In St. Albans yesterday, an acquaintance described her as troubled, with a string of boyfriends and no regular job.
But another who frequently visited Bailey's apartment said she was generous, helpful, and a devoted mother. The woman, who identified herself as Abby, said Bailey made CDs for neighbors, loaned neighbors her car, and accepted calls for them on her cellphone.
''If she thought you were in need or in distress, she would help you," the woman said. ''She was one of the most soft-hearted kids you've ever seen."
Children's toys were piled on Bailey's porch yesterday. In the muddy yard, a beat-up, black Nissan Altima, identified by neighbors as Bailey's car, sat without license plates, decorated with stickers for some of the same bands she raved about on her webpage: Marilyn Manson, Social Distortion, the local Charleston band Hillbilly Deathride.

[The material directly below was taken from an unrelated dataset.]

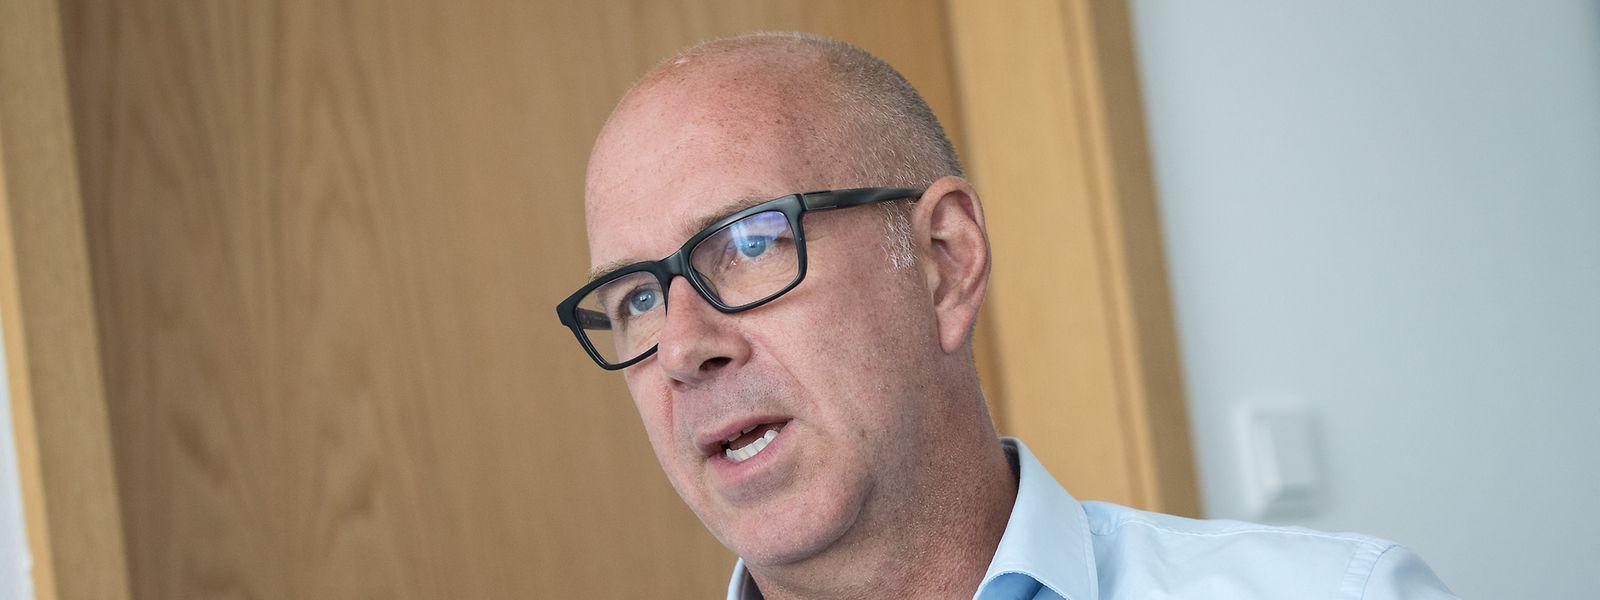 Raymond Conzemius ist aktuell noch Direktor des Sportlycée.

Justin Snodgrass, a member of Hillbilly Deathride, did not know Bailey's last name until news broke of her death, he wrote yesterday in an e-mail. But he recognized her as Jenn, a ''huge supporter of the local music scene" who made it a point to meet band members and let them know how she felt about their music.
''From what we know of Jenn, she enjoyed aggressive music because it is fun, not because it is 'morbid,' " Snodgrass wrote. ''I remember her being very lively, and smiling."

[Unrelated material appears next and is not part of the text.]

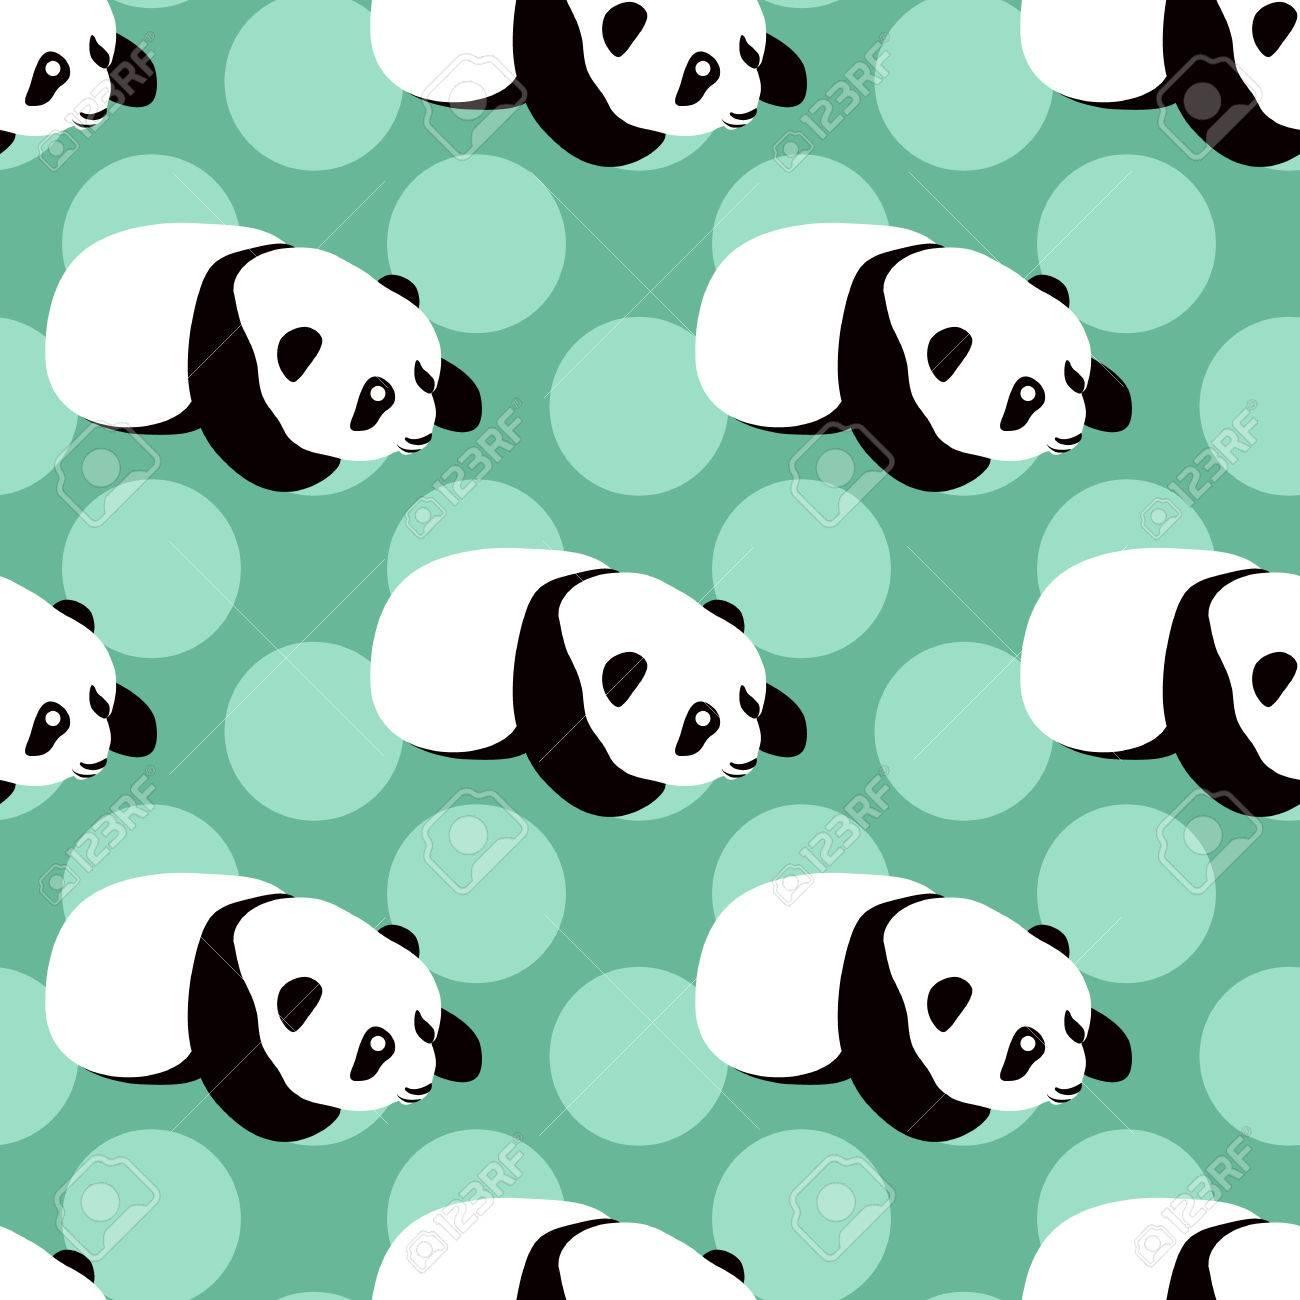 panda bear vector background seamless pattern with cute cartoon rh 123rf com Cute Cartoon Unicorns Cute Cartoon Pandas with Mustaches

Among the favorite movies listed on her webpage, Snodgrass pointed out, are the 1980s teen classics ''Pretty in Pink" and ''Sixteen Candles," feel-good films with fairy-tale endings. ''How morbid is that?" he wrote.
On her website, decorated with an image of what appear to be medicine capsules filled with blood-red liquid, Bailey described herself as a ''super great listener" with a ''strange sense of humor" and someone who tended to become ''consumed with boredom." She also said she was 25.
But investigators have found no evidence there of antigay or racist views, West Virginia State Police said.
Another friend of Bailey's, Craig Dickinson, also said she ''was not some morbid, goth chick, white racist."
''She hated people that were judgmental," wrote Dickinson, a Charleston police officer, who said his e-mail did not represent the views of the Police Department.
She ended her relationship with Robida once she realized how disturbed he was, Dickinson said. ''This was not some type of Bonnie and Clyde episode," he said in his e-mail. ''. . . Just know that she was too nice and caring and a bit naive. She was nice to people at times that she shouldn't have been."